De ce côté-là, si l’on excepte Manuel Bompard plus présent sur les plateaux de télévision que dans les quartiers dont il est l’élu, le premier rôle est assumé par le député Delogu qui a définitivement ses entrées dans les colonnes du Canard Enchaîné. « L’élève Delogu » comme le surnomment ses contempteurs en référence au cancre du fim de Philippe de Chauveron (Elève Ducobu, 2011) n’a peur d’aucune outrance et c’est même à ça qu’on le reconnait.

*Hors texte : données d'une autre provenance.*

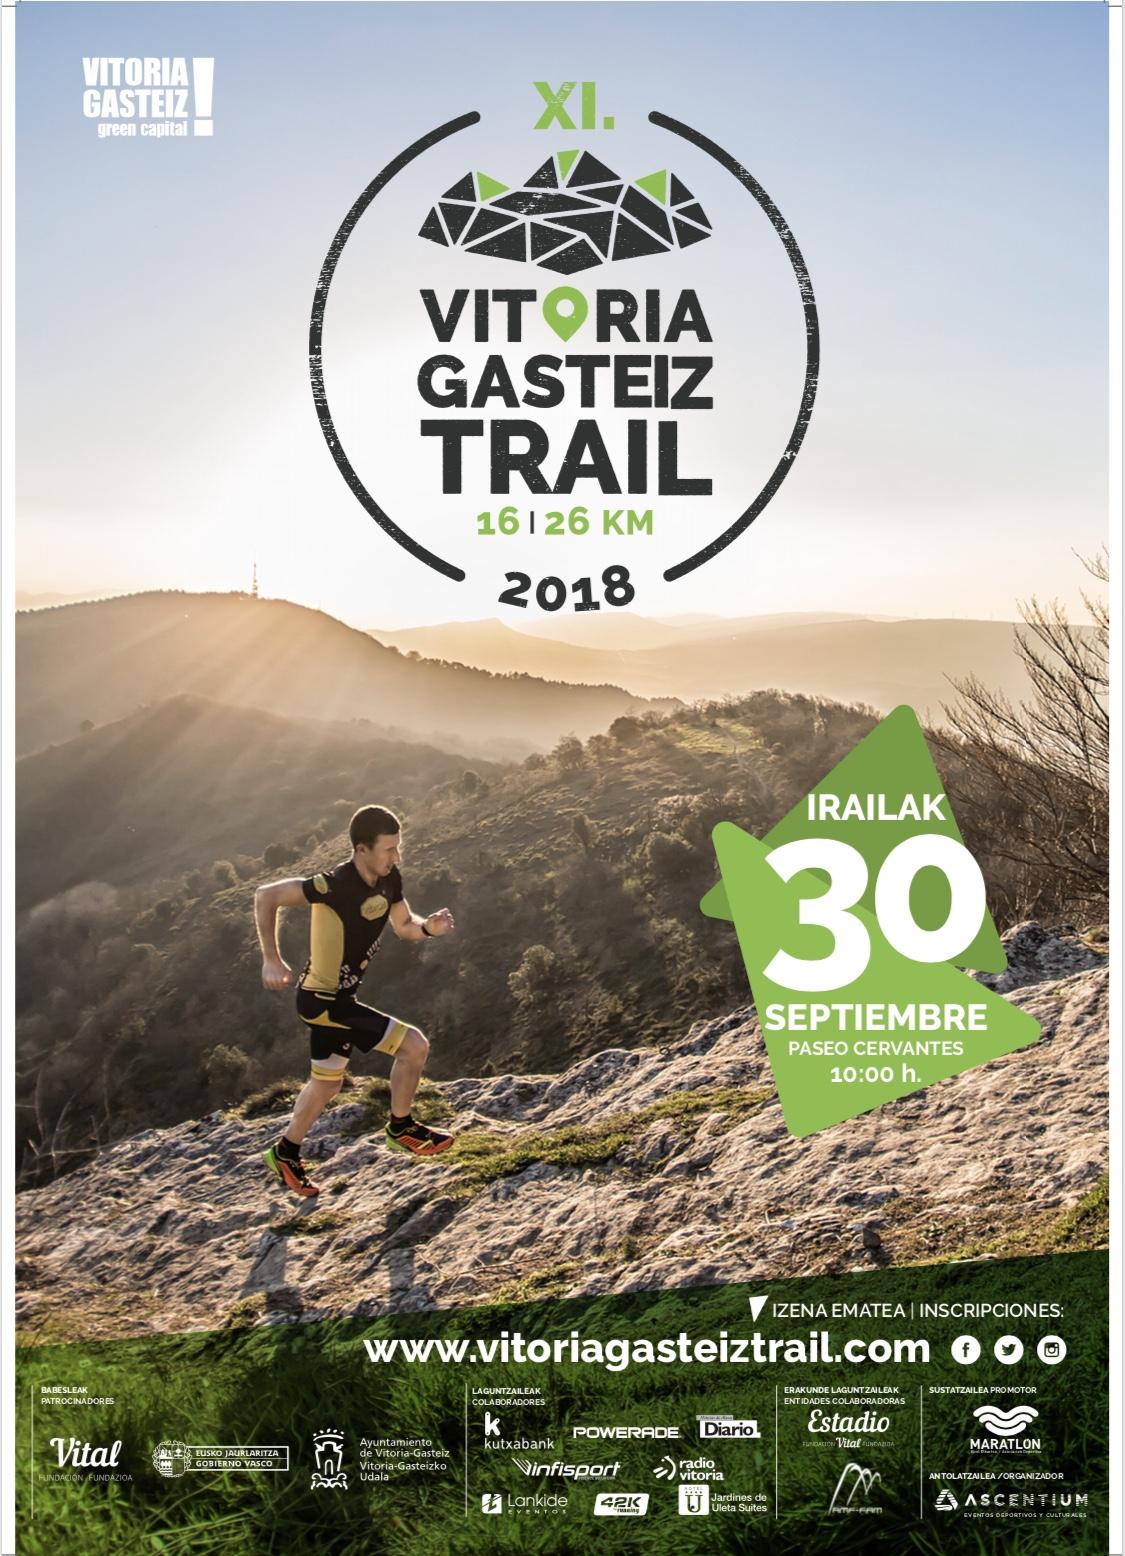 XI VITORIA-GASTEIZ TRAIL – INSCRIPCIONES Y OFERTA

Ses adversaires ne se sont pas privés de le railler lorsqu’il confondit dans un tweet un peu rapide les religions, hindouiste et juive, parlant de « vache en or » au lieu de « veau d’or ». On n’est pas loin du procès en illettrisme et le maire Benoît Payan s’est empressé de venir à son secours, dénonçant « la violence, le mépris de classe, les invectives, la brutalisation (qui) n’ont pas leur place en politique quel que soit le camp d’où ils viennent. » « Sébastien Delogu, ajoutait le premier magistrat marseillais, est un élu de la Nation et ceux qui préfèrent la moquerie au débat d’idées font honte à la République. »
Une solidarité insuffisante pour calmer l’ardeur du député Insoumis qui voit en Payan un manœuvrier de l’ombre et compte bien comme le conseille son maître à penser, Jean-Luc Mélenchon, « conflictualiser » tout ce qui peut l’être à Marseille. A moins de renoncer à ses principes socio-démocrates, le leader du Printemps marseillais va affronter une zone de turbulences dans les mois qui viennent, d’autant que la situation politique nationale laisse entrevoir quelques violents rififis.
Gerard Darmanin, ex-ministre de l’intérieur, disait récemment à propos des négociations en cours avec son « ami » le Premier ministre, Michel Barnier : « Moi je viens du Nord. Je suis quelqu’un de franc. On se dit les choses avant… » A Marseille on use aussi volontiers du mot « franchement », mais il n’est pas sûr qu’il ait le même sens que chez les Chtis.